Thought you might like this photo.


----------



## 88smileys

By the way, The University of Michigan is far better than O$U. Maize and Blue Nation speaks the truth! Go Blue


----------



## Guest

88smileys said:


> My last conversation about doing the 100 contracted homes, his words, not mine, was that I would do it under a percentage basis. I was wondering what percentage would be acceptable? However, 10% sounds fair, especially since I'm doing all the work. I just thought this forum would be helpful, since most of you have been to hell and back in this industry. I think people are assuming I'd give up my $75k teaching career to clean up pig pens for the bank! Hell no! A's for my son, I think every father would want to work with their kids, but maybe I'm wrong. In addition to that, I trust my son and know he does things like I expect.
> 
> As per his financials, if I were to purchase I wouldn't do anything without our family attorney, or his companies tax returns since he formed the LLC! In no way would I jeopardize my family's income, home, or future. I know there are legal ways to protect your personal assets. My friend was a regional vice president for a major financial institution prior to this line of work he's in now. With that being said, he has some connections that call him to do their "personal" jobs, especially since most of his connections are in the banking, real estate, or house market somehow. We are getting ready to do a friends rental remodel $15k job and another rental remodel, all conversations I was present with all concerned parties. I just wanted some advice, so I ran across this app for my iPhone and iPad.


Could you please not stray off topic so far..  Go Bucks!


----------



## thanohano44

I've got you all beat. The University of Hawaii will be a force this year....in the mountain west. Lol


----------



## HollandPPC

thanohano44 said:


> I've got you all beat. The University of Hawaii will be a force this year....in the mountain west. Lol


The Mountain what??????????? Lol


----------



## Guest

88smileys said:


> Hello,
> 
> I am new to this forum and would like to pose a question. I have been working for a neighbor who owns his own property preservation business. I have an opportunity to purchase his existing business, if a small business loan is obtainable, or try and start my own. My primary source of income is teaching high school, however, I was lured into how much money could be made in this line of work.
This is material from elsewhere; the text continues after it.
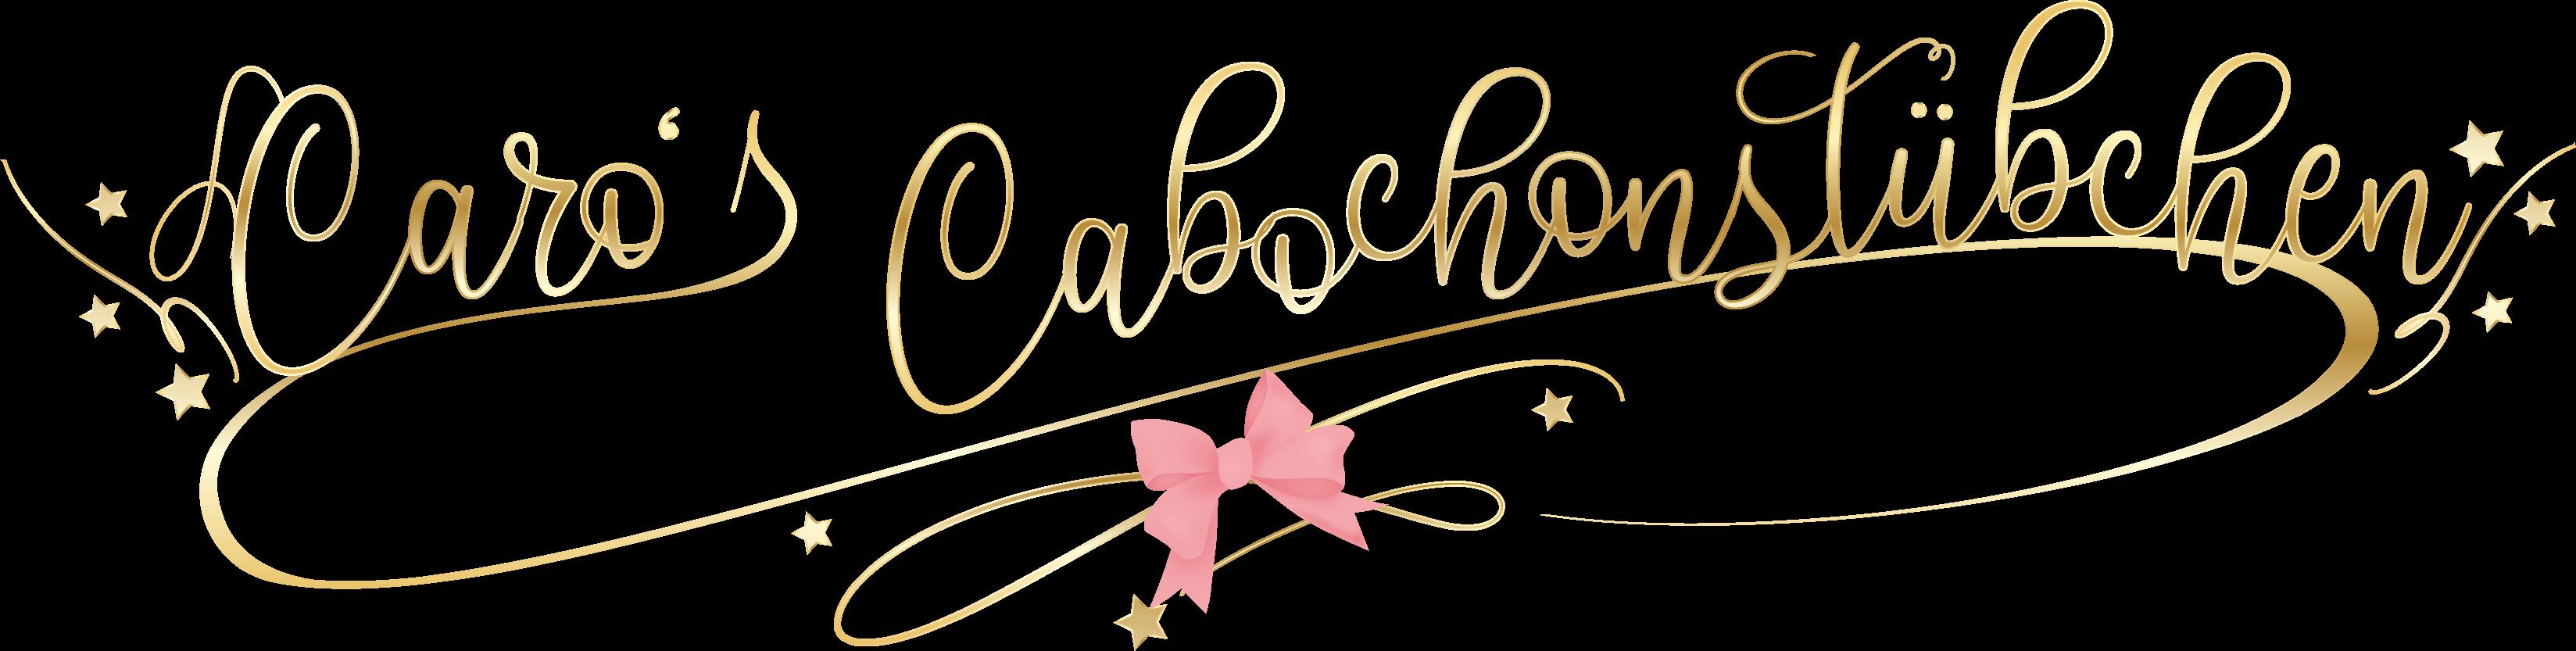 Caro's Cabochonstübchen

In addition, I would think it could be a great family business that my eldest son and daughter could run for me after they become skilled. I have read some of your threads and it seems as if this is a very stressful endeavor. We spent 15 hours at one house doing trash out and cleaning and I saw what my neighbor was being paid. Moreover, I have seen how much can be brought in for installing water heater straps, CO2 detectors, and fire alarms. I hope that you are open, honest , and I appreciate your candor. As stated, I think if this could work, my son could find his way in life and this could possible be the stepping stone he may need. Not to get to personal, he has hopped from major to major in college and hasn't decided what he wants to be when he "grows" up. Thank you
> 
> 88


Tell your son to be an electrician or plumber.


----------



## 88smileys

monumentinc said:


> Tell your son to be an electrician or plumber.


Oh I was thinking ASE mechanic


----------



## Guest

88smileys said:


> No I was just looking for advice, especially since I understand we are at the end of the massive foreclosure swing. My friend wanted me to buy his LLC along with tools, truck, trailer, and this included his "contacts" in the bank and his "contracts" for 100 homes. I am very skeptical and was wondering if it where allntongood to be true. I realize this is a cutthroat business and do not want to bankrupt my family just to make some quick cash. Thank you for all responses, it does help.


Starting a property preservation business at this point in time would be like buying an investment property in late 2005. Not a good plan. 
2008 would have been a good time to start, it is too late now. Look for the next trend. 

There is no quick cash, esp if you are not a trades person or experienced in this type of business. This is not an easy business.


----------



## Guest

88smileys said:


> Oh I was thinking ASE mechanic


That would be good too.


----------



## 88smileys

That is the best/most honesty I've heard! I will take that info to heart. I can always work for my friend for "extra" money! Thank you very much for your honesty


----------



## BPWY

88smileys said:


> That is the best/most honesty I've heard! I will take that info to heart. I can always work for my friend for "extra" money! Thank you very much for your honesty




You'll "make" more money in the long run.


----------



## Guest

thanohano44 said:


> Or selling crystal meth to democrats.


Or anonymous bathroom meet and greets for Republicans.


----------



## thanohano44

warranpiece said:


> Or anonymous bathroom meet and greets for Republicans.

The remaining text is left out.